— PROVIDED DATA —
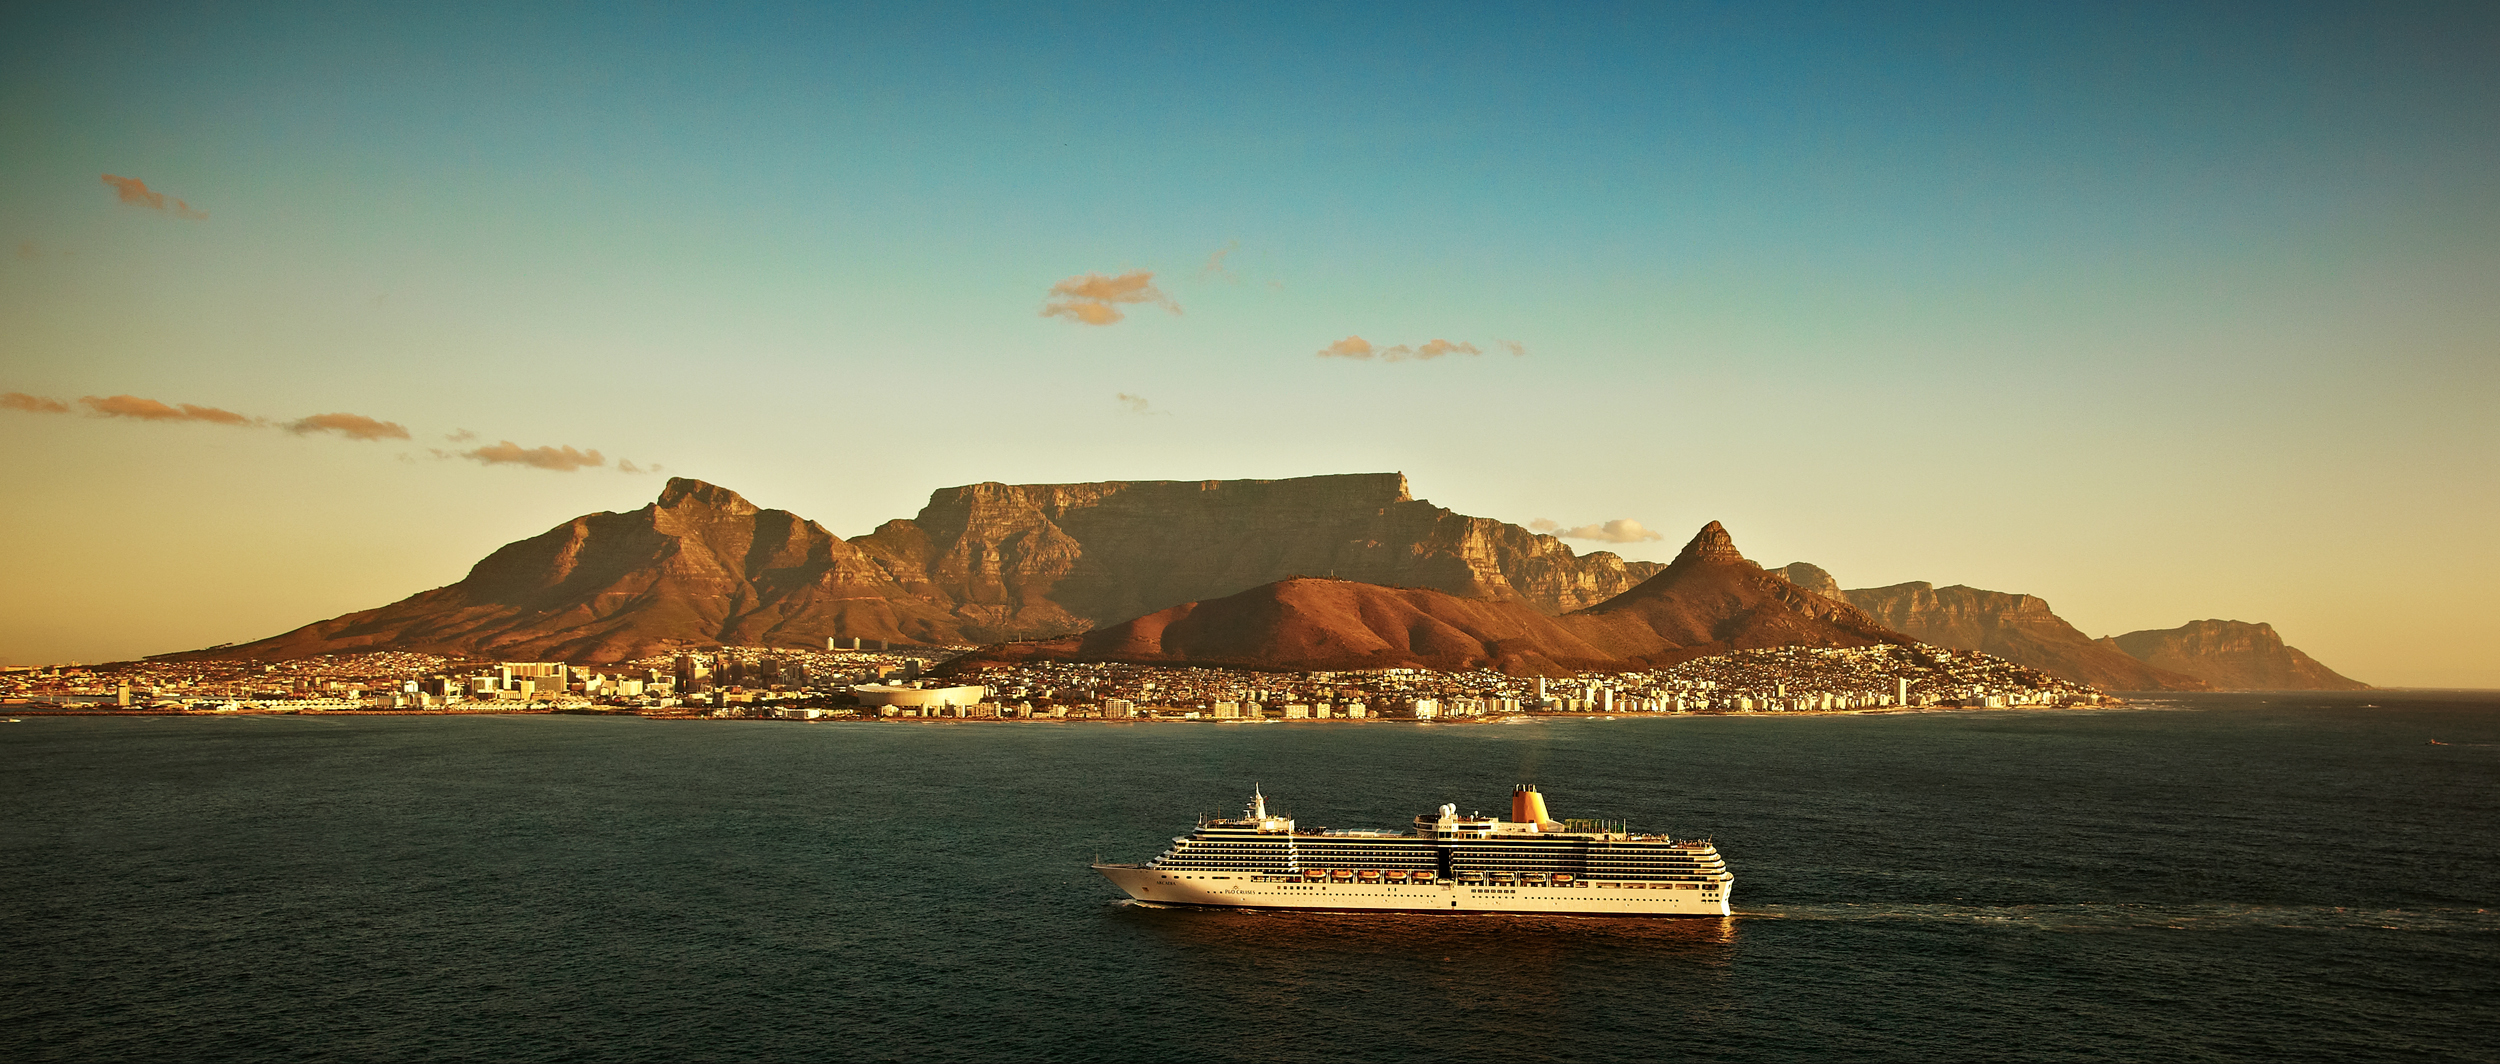 Capetown, South Africa, for P&O Cruises.  Aerial photography by Mike Caldwell
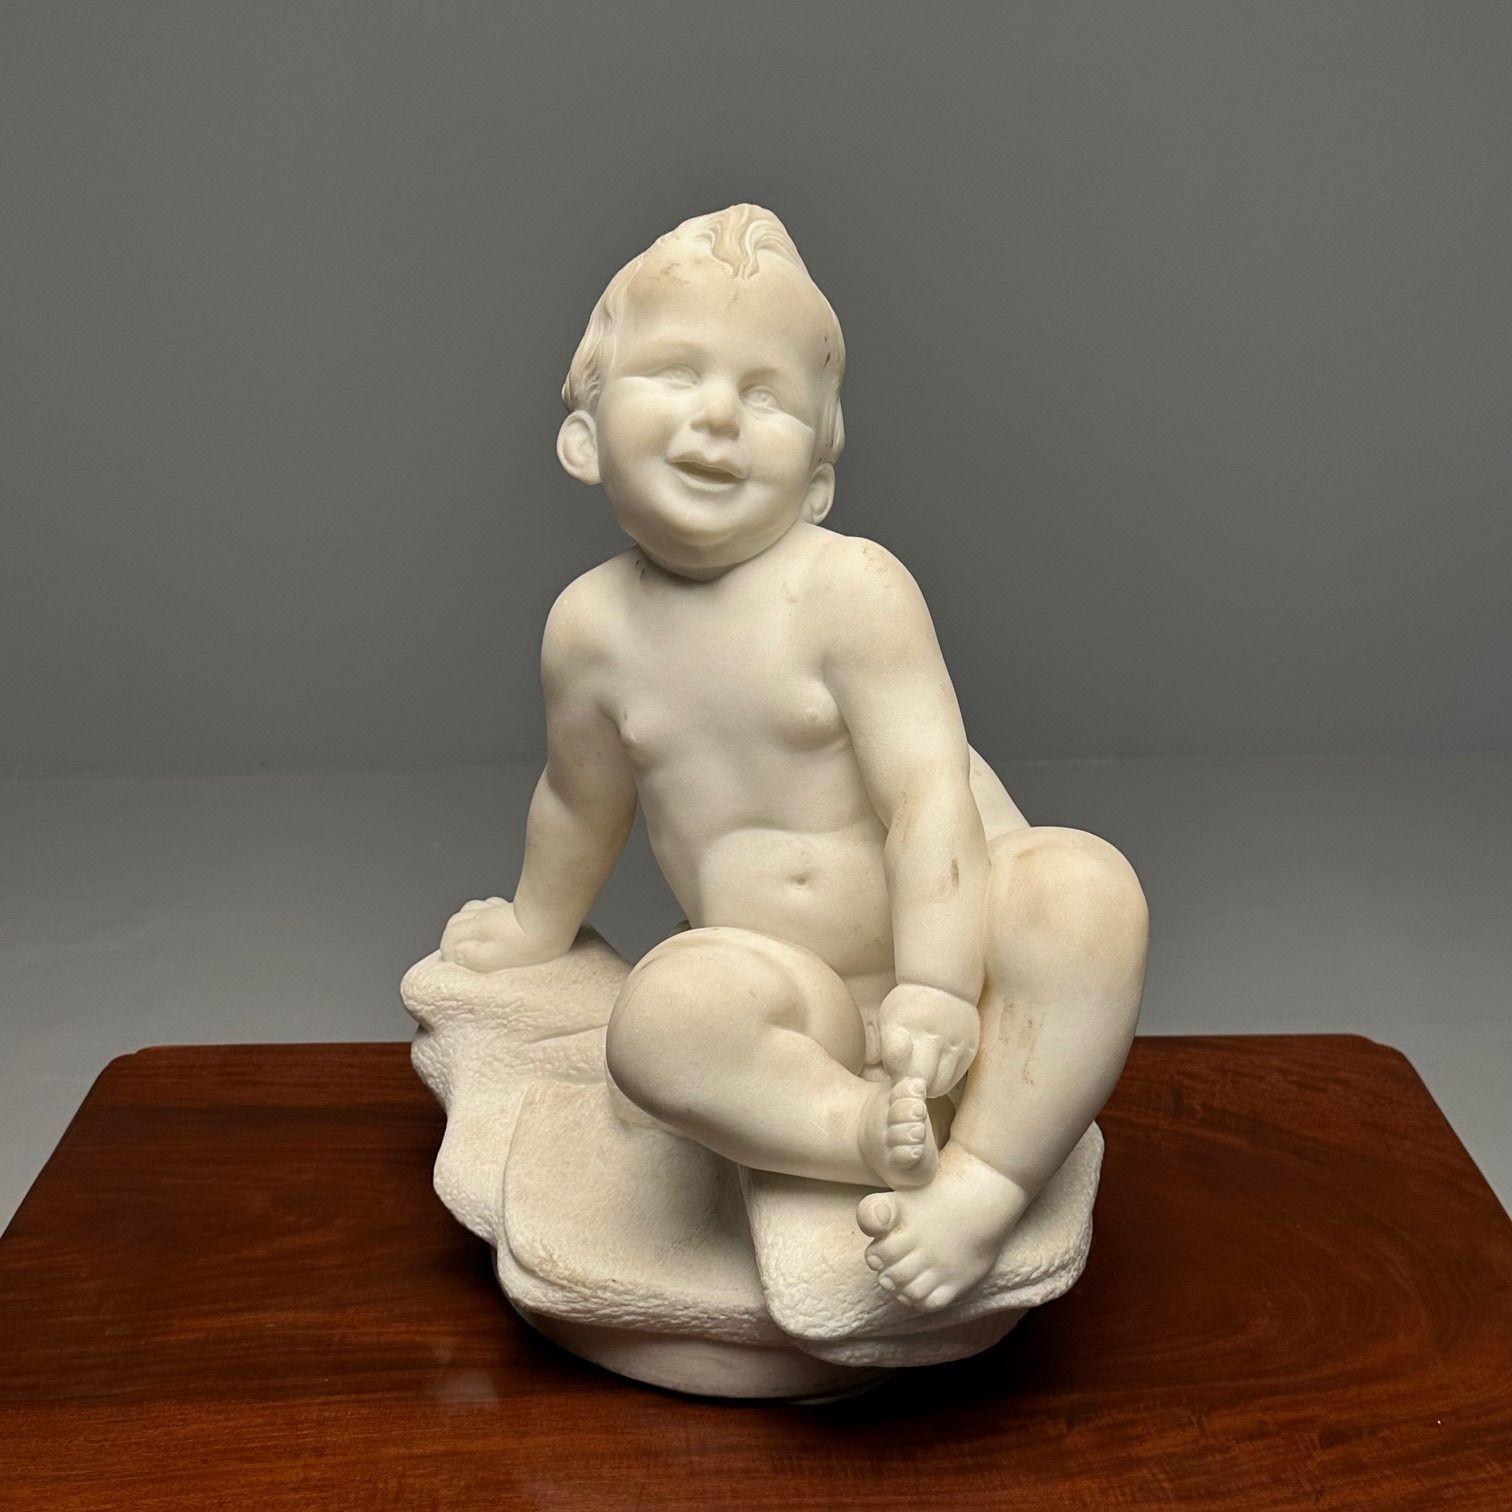 Carved Marble Figure of Seated Nude Child, 19th/Early 20th Century, Statue

A lovely finely detailed figure of a male child seated upon a base playing with his toes. This statue has genitalia tastefully exposed.

Height 19 1/2 inches.

SZA

— EXERCISE OBJECTIVE —
Your task is to copy exactly the lines from the line containing "Carved Marble Figure" through the final line of the listing above and to omit every picture.

— YOUR SOLUTION —
 Carved Marble Figure of Seated Nude Child, 19th/Early 20th Century, Statue

A lovely finely detailed figure of a male child seated upon a base playing with his toes. This statue has genitalia tastefully exposed.

Height 19 1/2 inches.

SZA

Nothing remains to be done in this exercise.